> What you need to do
Return exactly the span of lines in the following data that opens with the line containing "Закон и люди, газета. 2013 №11 стр.9" and closes with the line containing "FOTO / Machiajul". Include nothing else.

[Extracted records]

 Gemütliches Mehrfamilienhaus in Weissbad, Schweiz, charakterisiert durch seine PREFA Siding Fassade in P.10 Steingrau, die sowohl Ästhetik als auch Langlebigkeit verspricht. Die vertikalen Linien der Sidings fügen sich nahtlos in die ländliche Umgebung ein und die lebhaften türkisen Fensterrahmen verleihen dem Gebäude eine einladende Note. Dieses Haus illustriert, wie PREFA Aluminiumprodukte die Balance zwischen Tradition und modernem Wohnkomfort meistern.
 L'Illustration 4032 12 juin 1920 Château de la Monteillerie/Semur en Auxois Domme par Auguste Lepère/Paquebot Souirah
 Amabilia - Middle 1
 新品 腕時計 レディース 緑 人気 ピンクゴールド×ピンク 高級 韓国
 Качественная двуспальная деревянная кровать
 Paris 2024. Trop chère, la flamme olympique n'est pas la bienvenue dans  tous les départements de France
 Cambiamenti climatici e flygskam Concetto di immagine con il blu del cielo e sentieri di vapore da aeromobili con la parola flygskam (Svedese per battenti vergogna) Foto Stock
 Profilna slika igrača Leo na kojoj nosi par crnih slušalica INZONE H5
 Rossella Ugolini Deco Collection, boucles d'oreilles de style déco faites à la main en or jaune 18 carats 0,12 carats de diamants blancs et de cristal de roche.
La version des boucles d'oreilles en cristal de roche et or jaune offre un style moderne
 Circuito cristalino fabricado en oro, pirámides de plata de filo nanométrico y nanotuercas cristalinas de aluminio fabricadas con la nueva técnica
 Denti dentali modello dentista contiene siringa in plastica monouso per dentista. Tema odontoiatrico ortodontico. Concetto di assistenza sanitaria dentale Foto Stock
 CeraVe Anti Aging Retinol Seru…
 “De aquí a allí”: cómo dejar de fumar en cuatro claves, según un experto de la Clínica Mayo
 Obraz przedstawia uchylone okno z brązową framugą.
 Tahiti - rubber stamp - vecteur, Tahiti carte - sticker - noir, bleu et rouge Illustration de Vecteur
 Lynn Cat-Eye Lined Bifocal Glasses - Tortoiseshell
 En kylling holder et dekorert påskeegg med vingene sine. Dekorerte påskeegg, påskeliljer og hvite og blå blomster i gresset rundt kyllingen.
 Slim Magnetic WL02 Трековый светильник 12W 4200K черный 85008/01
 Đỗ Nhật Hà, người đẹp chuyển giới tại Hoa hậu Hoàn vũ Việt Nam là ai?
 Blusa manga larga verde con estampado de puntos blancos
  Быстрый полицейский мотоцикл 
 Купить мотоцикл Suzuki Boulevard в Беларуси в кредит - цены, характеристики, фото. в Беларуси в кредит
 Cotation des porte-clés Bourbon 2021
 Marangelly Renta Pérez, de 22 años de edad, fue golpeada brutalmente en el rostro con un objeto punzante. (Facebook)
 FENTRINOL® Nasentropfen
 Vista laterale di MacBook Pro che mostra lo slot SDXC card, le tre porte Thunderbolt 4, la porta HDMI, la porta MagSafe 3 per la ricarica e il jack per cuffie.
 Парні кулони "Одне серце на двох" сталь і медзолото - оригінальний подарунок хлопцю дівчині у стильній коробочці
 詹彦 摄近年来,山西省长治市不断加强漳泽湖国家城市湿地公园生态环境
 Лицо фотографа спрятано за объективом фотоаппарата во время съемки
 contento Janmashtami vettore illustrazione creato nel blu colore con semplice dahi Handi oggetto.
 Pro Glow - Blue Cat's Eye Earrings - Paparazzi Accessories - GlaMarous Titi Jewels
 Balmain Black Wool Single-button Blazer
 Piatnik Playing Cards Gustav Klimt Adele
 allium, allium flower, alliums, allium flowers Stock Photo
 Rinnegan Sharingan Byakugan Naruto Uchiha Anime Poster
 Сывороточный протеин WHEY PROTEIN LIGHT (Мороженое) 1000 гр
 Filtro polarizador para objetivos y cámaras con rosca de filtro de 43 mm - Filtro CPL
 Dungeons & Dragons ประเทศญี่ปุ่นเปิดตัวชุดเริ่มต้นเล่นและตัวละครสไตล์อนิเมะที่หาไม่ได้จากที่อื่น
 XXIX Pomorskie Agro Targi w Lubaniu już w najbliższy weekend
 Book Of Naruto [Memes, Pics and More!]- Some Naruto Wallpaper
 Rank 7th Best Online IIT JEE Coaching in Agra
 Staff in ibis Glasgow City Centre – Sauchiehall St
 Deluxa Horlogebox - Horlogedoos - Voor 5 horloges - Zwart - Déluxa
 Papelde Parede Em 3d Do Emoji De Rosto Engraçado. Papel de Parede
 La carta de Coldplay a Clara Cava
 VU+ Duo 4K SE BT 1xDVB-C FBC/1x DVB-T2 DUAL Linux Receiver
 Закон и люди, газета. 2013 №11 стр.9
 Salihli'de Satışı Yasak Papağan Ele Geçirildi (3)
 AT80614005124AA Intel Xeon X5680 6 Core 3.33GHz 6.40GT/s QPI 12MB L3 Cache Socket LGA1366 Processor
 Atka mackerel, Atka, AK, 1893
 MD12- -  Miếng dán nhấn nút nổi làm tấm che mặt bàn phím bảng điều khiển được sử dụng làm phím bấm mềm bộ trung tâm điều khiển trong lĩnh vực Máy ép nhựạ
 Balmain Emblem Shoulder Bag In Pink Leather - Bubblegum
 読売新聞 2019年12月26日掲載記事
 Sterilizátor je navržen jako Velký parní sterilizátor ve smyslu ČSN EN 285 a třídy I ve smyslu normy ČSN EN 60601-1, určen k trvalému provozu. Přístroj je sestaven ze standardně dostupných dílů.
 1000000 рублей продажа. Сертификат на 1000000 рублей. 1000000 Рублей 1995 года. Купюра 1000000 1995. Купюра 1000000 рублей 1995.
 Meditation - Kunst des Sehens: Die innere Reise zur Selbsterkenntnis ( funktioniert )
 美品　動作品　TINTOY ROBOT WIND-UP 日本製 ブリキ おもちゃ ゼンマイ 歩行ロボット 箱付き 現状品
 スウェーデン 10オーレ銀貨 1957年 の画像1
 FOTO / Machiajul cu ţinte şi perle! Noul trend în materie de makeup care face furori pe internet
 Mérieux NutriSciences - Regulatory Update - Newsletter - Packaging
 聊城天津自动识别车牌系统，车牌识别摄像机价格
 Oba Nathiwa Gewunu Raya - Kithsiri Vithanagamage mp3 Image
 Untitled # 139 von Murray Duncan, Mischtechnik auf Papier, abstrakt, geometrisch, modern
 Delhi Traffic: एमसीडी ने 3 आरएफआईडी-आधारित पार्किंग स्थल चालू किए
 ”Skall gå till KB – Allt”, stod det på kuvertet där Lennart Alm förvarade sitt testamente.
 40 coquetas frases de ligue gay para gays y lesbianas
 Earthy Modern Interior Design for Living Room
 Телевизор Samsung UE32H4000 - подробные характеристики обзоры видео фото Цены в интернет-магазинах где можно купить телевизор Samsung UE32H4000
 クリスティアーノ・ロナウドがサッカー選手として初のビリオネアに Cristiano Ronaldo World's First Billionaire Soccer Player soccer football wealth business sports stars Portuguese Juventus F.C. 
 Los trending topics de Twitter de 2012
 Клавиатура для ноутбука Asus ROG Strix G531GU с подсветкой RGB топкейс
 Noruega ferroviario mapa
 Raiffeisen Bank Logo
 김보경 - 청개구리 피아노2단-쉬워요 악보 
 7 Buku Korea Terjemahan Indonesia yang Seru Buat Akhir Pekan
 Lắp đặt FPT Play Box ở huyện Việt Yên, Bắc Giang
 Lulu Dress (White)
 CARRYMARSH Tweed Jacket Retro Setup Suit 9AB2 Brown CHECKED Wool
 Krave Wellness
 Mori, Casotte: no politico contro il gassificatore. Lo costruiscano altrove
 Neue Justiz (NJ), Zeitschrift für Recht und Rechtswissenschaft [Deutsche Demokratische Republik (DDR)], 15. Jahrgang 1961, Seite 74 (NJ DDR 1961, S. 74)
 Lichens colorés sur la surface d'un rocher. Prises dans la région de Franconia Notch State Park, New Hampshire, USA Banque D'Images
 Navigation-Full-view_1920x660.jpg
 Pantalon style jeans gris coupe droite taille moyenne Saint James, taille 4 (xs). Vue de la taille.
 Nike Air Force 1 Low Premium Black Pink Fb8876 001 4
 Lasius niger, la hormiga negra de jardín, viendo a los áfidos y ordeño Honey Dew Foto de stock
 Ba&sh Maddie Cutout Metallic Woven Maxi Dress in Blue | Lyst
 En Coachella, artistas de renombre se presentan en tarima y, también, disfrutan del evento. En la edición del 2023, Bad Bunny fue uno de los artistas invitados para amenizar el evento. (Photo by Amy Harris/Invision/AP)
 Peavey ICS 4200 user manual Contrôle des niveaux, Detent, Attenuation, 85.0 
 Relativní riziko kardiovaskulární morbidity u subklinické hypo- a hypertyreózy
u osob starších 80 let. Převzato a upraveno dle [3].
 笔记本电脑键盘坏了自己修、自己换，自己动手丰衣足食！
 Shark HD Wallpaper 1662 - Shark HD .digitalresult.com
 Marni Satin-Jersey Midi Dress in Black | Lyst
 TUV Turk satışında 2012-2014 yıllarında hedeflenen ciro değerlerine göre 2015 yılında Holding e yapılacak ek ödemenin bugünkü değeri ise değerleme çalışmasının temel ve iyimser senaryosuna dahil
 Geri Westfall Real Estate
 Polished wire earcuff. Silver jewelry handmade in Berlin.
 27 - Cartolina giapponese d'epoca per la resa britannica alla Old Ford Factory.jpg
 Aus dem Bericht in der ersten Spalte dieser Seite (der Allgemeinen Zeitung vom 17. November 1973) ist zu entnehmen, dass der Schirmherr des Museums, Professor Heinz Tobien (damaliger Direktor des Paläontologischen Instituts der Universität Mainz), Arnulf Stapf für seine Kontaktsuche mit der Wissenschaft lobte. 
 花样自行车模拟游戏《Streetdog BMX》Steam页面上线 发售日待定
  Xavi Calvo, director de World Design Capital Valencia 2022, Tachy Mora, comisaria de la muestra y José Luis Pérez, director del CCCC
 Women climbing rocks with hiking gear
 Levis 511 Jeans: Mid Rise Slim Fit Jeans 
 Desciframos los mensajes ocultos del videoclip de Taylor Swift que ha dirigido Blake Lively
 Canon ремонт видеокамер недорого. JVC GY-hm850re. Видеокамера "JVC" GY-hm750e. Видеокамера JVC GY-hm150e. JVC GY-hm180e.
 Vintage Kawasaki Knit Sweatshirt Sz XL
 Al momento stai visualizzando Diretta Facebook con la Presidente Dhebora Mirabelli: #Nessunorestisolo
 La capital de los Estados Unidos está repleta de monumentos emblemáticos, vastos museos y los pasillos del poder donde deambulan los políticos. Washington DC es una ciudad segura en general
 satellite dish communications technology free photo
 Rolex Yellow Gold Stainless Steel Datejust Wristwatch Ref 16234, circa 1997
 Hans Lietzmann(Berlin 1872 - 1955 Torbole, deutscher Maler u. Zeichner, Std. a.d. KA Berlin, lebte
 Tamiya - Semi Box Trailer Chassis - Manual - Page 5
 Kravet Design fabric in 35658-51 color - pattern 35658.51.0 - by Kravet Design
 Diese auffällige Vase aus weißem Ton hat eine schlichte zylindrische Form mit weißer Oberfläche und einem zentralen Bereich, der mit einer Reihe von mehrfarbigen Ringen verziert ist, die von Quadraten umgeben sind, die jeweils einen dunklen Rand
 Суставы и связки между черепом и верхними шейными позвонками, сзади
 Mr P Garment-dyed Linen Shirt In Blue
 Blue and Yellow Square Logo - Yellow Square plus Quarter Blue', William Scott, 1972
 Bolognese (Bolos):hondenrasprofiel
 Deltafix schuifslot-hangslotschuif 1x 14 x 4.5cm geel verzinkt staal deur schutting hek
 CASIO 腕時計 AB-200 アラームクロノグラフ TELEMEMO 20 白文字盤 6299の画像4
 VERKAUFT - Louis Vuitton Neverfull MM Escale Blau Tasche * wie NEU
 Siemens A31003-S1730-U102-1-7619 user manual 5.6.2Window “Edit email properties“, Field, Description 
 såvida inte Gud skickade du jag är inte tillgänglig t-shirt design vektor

> Solution to the exercise
 Закон и люди, газета. 2013 №11 стр.9
 Salihli'de Satışı Yasak Papağan Ele Geçirildi (3)
 AT80614005124AA Intel Xeon X5680 6 Core 3.33GHz 6.40GT/s QPI 12MB L3 Cache Socket LGA1366 Processor
 Atka mackerel, Atka, AK, 1893
 MD12- -  Miếng dán nhấn nút nổi làm tấm che mặt bàn phím bảng điều khiển được sử dụng làm phím bấm mềm bộ trung tâm điều khiển trong lĩnh vực Máy ép nhựạ
 Balmain Emblem Shoulder Bag In Pink Leather - Bubblegum
 読売新聞 2019年12月26日掲載記事
 Sterilizátor je navržen jako Velký parní sterilizátor ve smyslu ČSN EN 285 a třídy I ve smyslu normy ČSN EN 60601-1, určen k trvalému provozu. Přístroj je sestaven ze standardně dostupných dílů.
 1000000 рублей продажа. Сертификат на 1000000 рублей. 1000000 Рублей 1995 года. Купюра 1000000 1995. Купюра 1000000 рублей 1995.
 Meditation - Kunst des Sehens: Die innere Reise zur Selbsterkenntnis ( funktioniert )
 美品　動作品　TINTOY ROBOT WIND-UP 日本製 ブリキ おもちゃ ゼンマイ 歩行ロボット 箱付き 現状品
 スウェーデン 10オーレ銀貨 1957年 の画像1
 FOTO / Machiajul cu ţinte şi perle! Noul trend în materie de makeup care face furori pe internet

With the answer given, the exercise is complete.